Railway line in China

The Xuzhou–Lanzhou high-speed railway (or Xuzhou–Lanzhou Passenger Dedicated Line) is a high-speed railway in China. It is one of the four vertical and four horizontal passenger dedicated lines in China's medium- and long-term railway planning, and is also part of the Eurasia Continental Bridge corridor of China's "Eight Vertical and Eight Horizontal" network. It consists of the Zhengzhou–Xuzhou high-speed railway, the Zhengzhou–Xi'an high-speed railway, the Xi'an–Baoji high-speed railway and the Baoji–Lanzhou high-speed railway. It is about 1400 km long and connects the northwest, central China and east China.
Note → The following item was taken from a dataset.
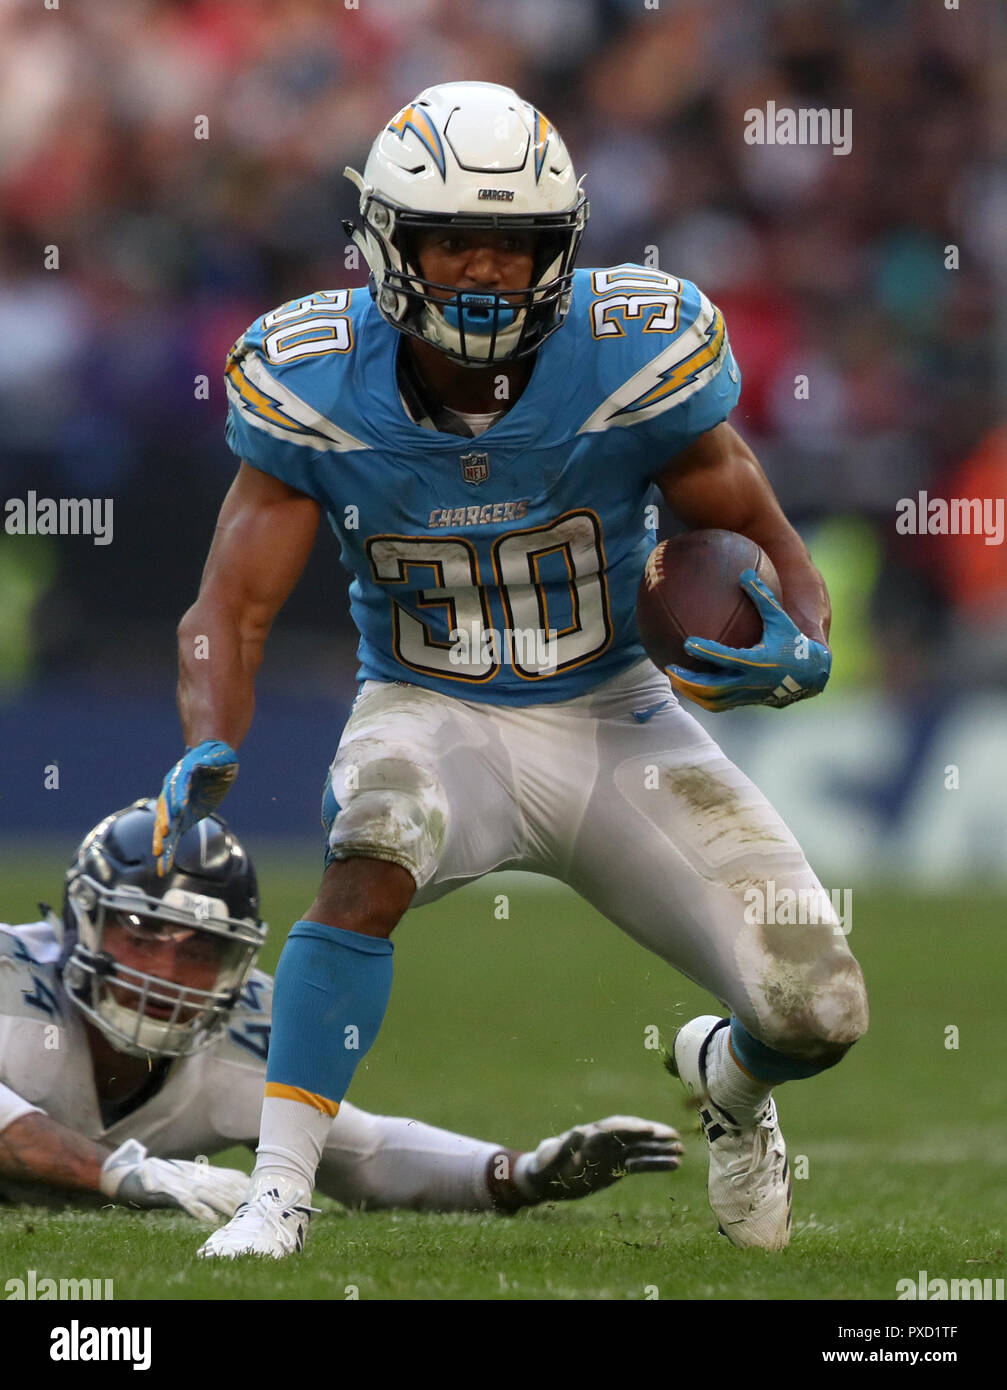 LA Chargers's Austin Ekeler in action during the International Series NFL match at Wembley Stadium, London. PRESS ASSOCIATION Photo. Picture date: Sunday October 21, 2018. See PA story GRIDIRON London. Photo credit should read: Simon Cooper/PA Wire. Stock Photo

The speed from Xuzhou to Baoji is 350 km/h, and the speed from Baoji to Lanzhou is 250 km/h. The line was fully opened on 9 July 2017.

==History==
In 2004, the Zhengzhou–Xi'an high-speed railway was approved for construction by the State Council. The line started construction on 25 September 2005. It was put into operation on 6 February 2010.

Construction of the Xi'an–Baoji HSR began on 28 November 2009. On 19 October 2012, the Shaanxi section of line started construction, and the Gansu section started construction the next day. The line was put into operation on 28 December 2013.

In 2012, the feasibility study report of the Zhengzhou–Xuzhou HSR passed the review of the Ministry of Railways. Construction of the line started on 26 December 2012. The line was put into operation on 10 September 2016.

Construction of the Baoji–Lanzhou HSR started in October 2012. The line was put into operation on 9 July 2017. This completed the Xuzhou-Lanzhou high-speed line.